Самое интересное начиналось после того, как разряженную статую святой оставляли в соборе, а урсулинки удалялись к себе в монастырь. На площади начинали разжигать костры и устанавливать столы, на которых затем появлялось угощение. Каждая семья вкладывалась, чем могла. Большая часть провианта поступала из гасиенды, где предыдущие два дня постоянно что-то пеклось и варилось. А после застолья начинались танцы, которые продолжались от заката до восхода солнца. Так местные жители отмечали поворот времени года в сторону зимы и сокращение продолжительности солнечного дня. «Все должны досыта натанцеваться и порадоваться, пока солнце не начало стареть!» — говорили они.
Обычно, эта часть праздника мне нравилась больше всего. Местные жители танцевать любили, они от всей души отплясывали что-то под звон гитар и перестук барабанов. И сложно было разделить, где кончается испанское фламенко, а где начинаются пляски местных шаманов. Танцы перемешались между собой так же, как и потомки индейцев с испанскими пришельцами. Выброс положительной энергии был больше, чем в советское время на первомайской демонстрации.
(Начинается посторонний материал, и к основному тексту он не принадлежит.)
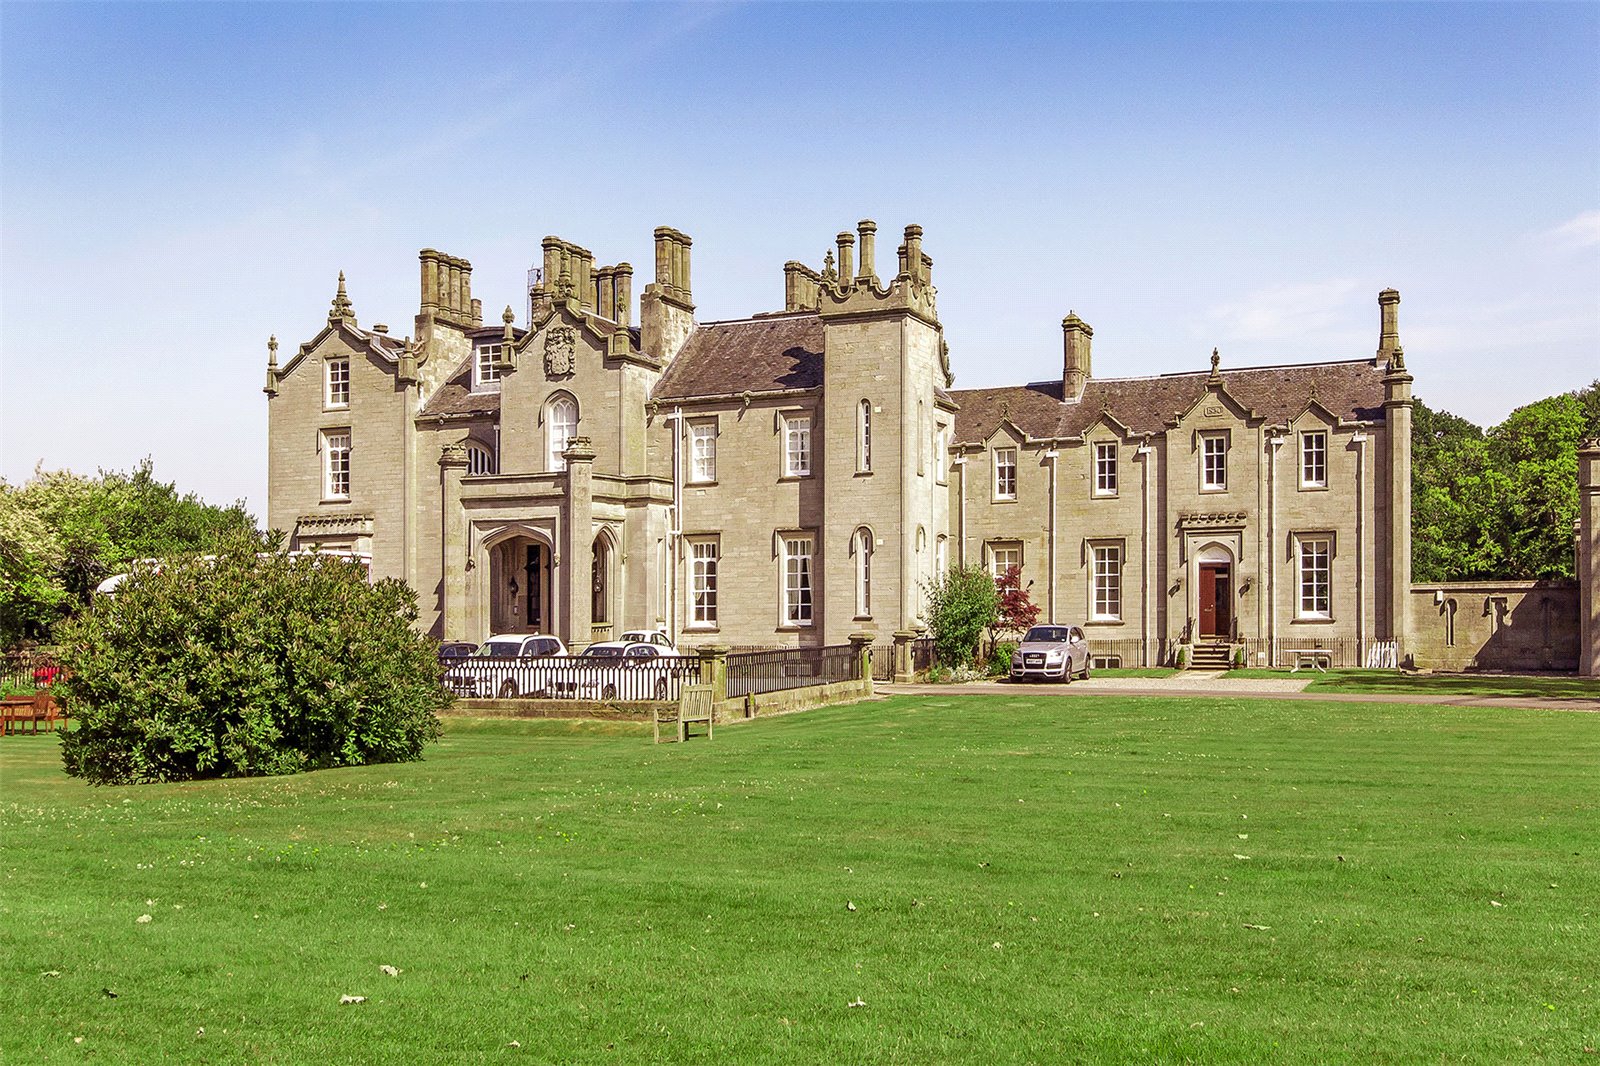 This country home comes with 11 acres of land and tennis court

Педро- Пуля пользовался бешеной популярностью в городе с первого же праздника, где он исполнил на гитаре свою первую самбу. А мы с Бароном показали, как её нужно танцевать. С тех пор у нас отбоя не было от учеников. Хорёк с Лисом тоже старались, как можно лучше овладеть этим искусством. И через год вся площадь танцевала самбу. Но на этом празднике всё было не так. Вольф не сумел вырваться из Европы. Лис постоянно крутился возле беременной жены. А Хорёк просто не хотел со мной общаться. И уйти-то я с праздника не могла, так как дети были откровенно в восторге от этого шумного действа, а няни, сразу же потащили бы их домой, уйди я с площади. Вот, и приходилось степенно гулять по площади, поддерживая светскую беседу с многочисленными знакомыми, ощущая диссонанс своего настроения и бурлящей энергии толпы. А ведь, платье я специально к празднику заказывала, чтобы всласть потанцевать. Но, видно, не судьба.
Я уже посчитала было праздник безнадежно испорченным, когда увидела, что ко мне, сквозь толпу, пробирается Пабло.
— Белая сеньора оставит горожан без любимого зрелища? — произнёс он, иронично улыбаясь.
— О чем ты? — рассеянно спросила я, наблюдая, как двойняшки, в толпе друзей, с визгом катаются со сборной пластиковой горки, привезённой вертолётом из столицы специально к празднику.
— Вся мужская половина города ждёт, когда твои юбки закружатся в вихре огненной самбы! — с шутливым пафосом ответил Пабло.
Я устало посмотрела на него:
— Для настоящей самбы нужна не только юбка и музыка, но ещё и достойный партнер и подходящее настроение.
— А вот это, мы попробуем сейчас обеспечить! — услышала я из-за спины весёлый голос Педро-Пули. — Достойный партнер — прямо перед тобой, не зря же, я его столько времени обучал. А настроение во время танца само придёт, ты только начни!
Я недоумённо переводила взгляд с Педро на Пабло. С этим мальчишкой я каждый праздник обязательно танцевала один танец, в честь его былых боевых заслуг и верности нашей дружбе, но, как серьёзного партнера его не воспринимала. Да, и ростом он был маловат. А сейчас поняла, что за прошедший год парнишка сильно вытянулся и раздался в плечах. А он уже скинул свою накидку на руки подошедшему Лису и протягивал ко мне руку. А люди вокруг нас расступались, образуя пространство для танца. И гитара Педро уже выдавала первые такты зажигательной мелодии. Отступать некуда.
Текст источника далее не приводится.